I do not want to get into specific story points but the film showcases well how warfare has evolved. Three of the main characters are in the same location for the entirety of the film, Mirren, Rickman and Paul’s characters making all the crucial decisions despite being thousands of miles away. Only Abdi’s character is on the ground, constantly adapting to help the mission and is the only one endangering his life. Hood shows how difficult this type of warfare becomes, how tedious and frustrating this warfare can become, one of the subplots is how Rickman’s side has constant referrals to different members of governments both domestic and foreign to find legal and ethical answers to difficult questions.
Hood’s expert building of tension is only strengthened by the amazing cast, the four main characters have a fantastic supporting cast all contributing to different pieces of the film’s main arguments.

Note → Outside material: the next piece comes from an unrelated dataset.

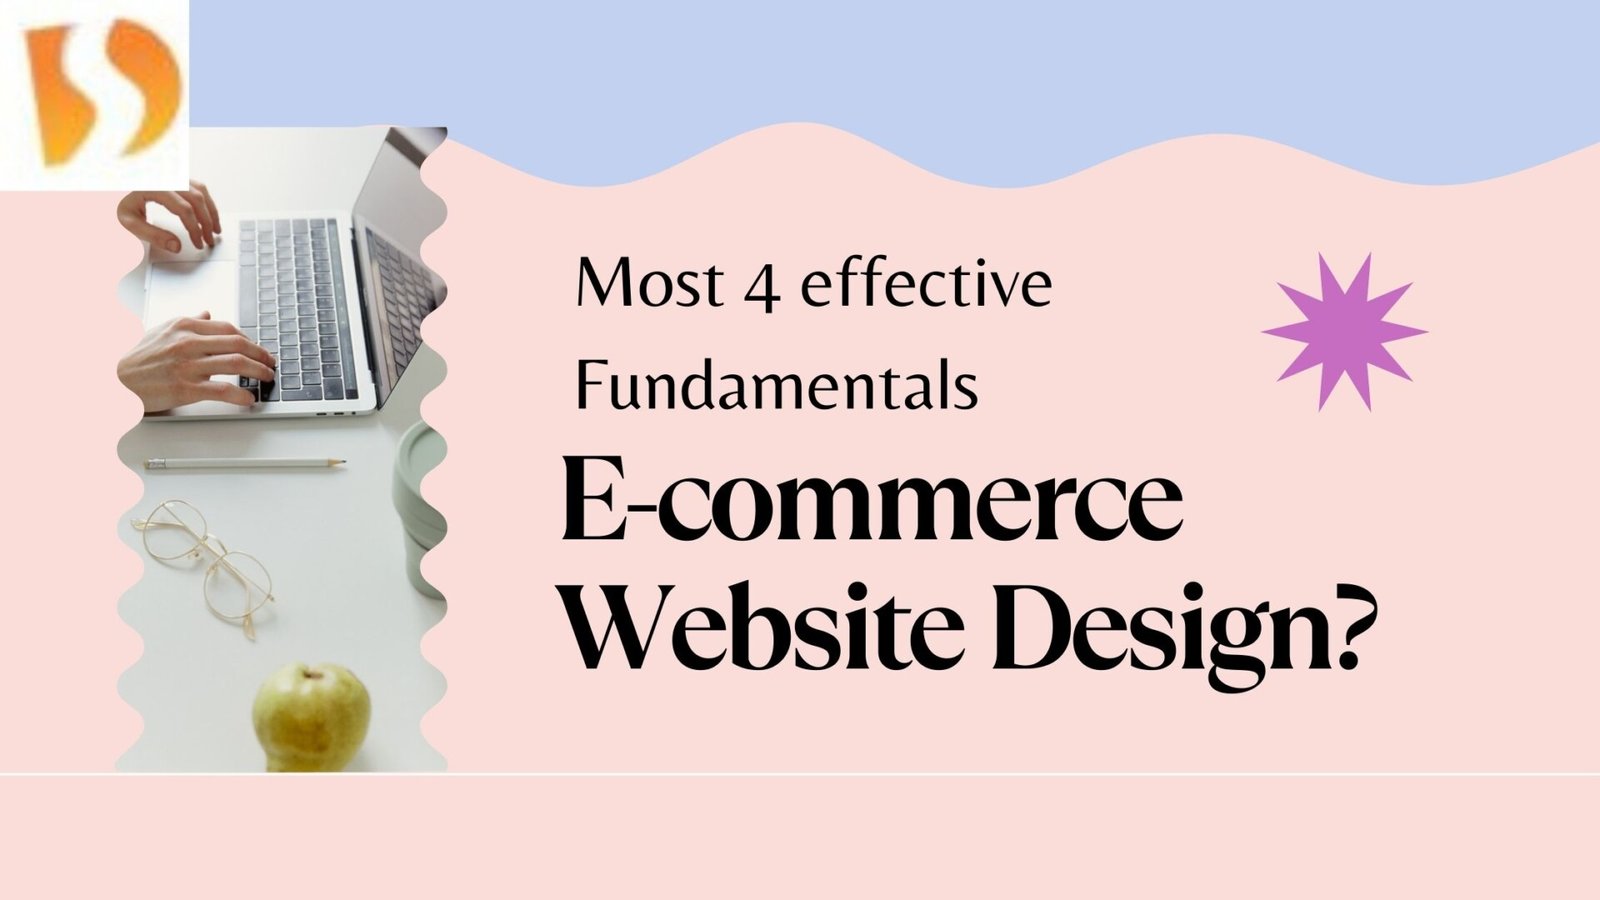 The Most 4 effective Fundamentals of E-commerce Website Design-dhanviservices

Mirren and Rickman’s representation of military may seem cold and harsh at times, they understand the consequences of terrorist actions first hand and want the strike to happen as soon as possible, believing that the collateral damage of the strike is minimal compared to what would happen if it didn’t . Rickman who passed away earlier this year gives a fantastic last performance as his character is a mix of dry humour, authority and powerful drama which works so well within the film. Mirren commands the screen as well and her character creates certain ethical questions with drone warfare as the story progresses into it’s more complicated territory. Aaron Paul’s drone pilot really brought the emotion, he’s the trigger man and there are points in this film where he risks his career over the ethics if he should pull that trigger. Really showing that despite that disconnect there can be with drones the emotional hardships that come with being a solider do not go away. Finally Barkhad Abdi makes a great return as the man on the ground, he sells the dangers that come with being an operative in this new warfare and despite his presence there, the complications continue to arise.

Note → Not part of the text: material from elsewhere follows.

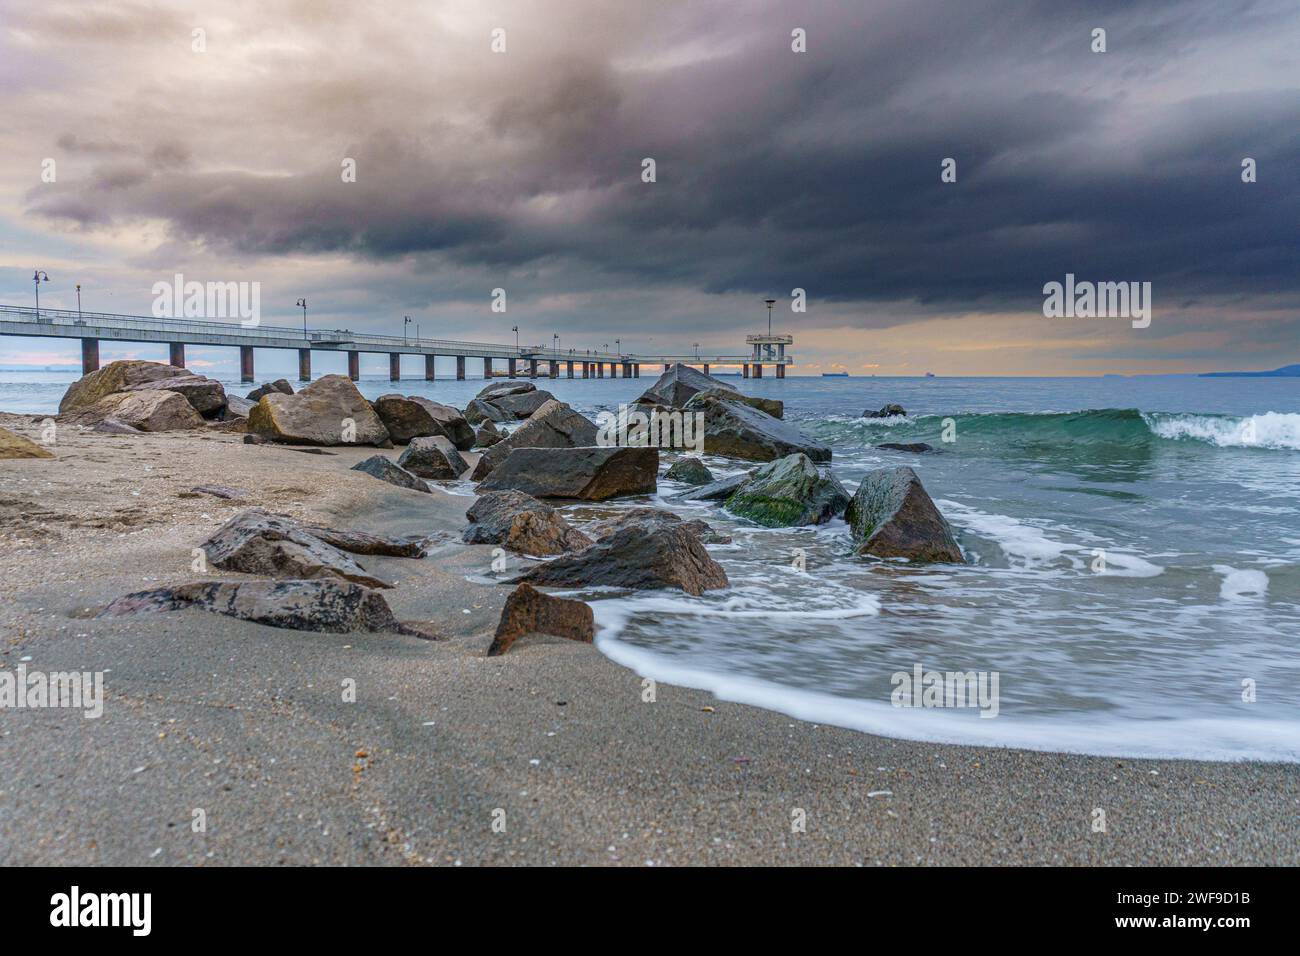 A pier extending over calm waters, adjacent to a sandy beach, beneath overcast skies Stock Photo

This film doesn’t answer the question if drones are good or bad, it just asks you the question and tells you this story. With every minute, every new development, Gavin Hood just winds up the tension to unbearable breaking point. My feet couldn’t stop tapping the floor, I was chewing my nails, the tension kept building and building and when the film finally lets it all go, there’s no relief just a devastating gut punch. Eye in the Sky is an amazing film that shows that in our time of modern warfare that there is no real victory and that the successes we take in our conflicts at home and abroad will always have consequences. Consequences that we have to live with, consquences that will make us question if we made the right decision and how we have to keep going despite those consquences.
Eye in the Sky is nothing short of a compelling thriller and a triumph of British film that presents a truly challenging story that hopefully will create fascinating audience debate. If you have the opportunity to witness this film, then take it, you won’t regret it.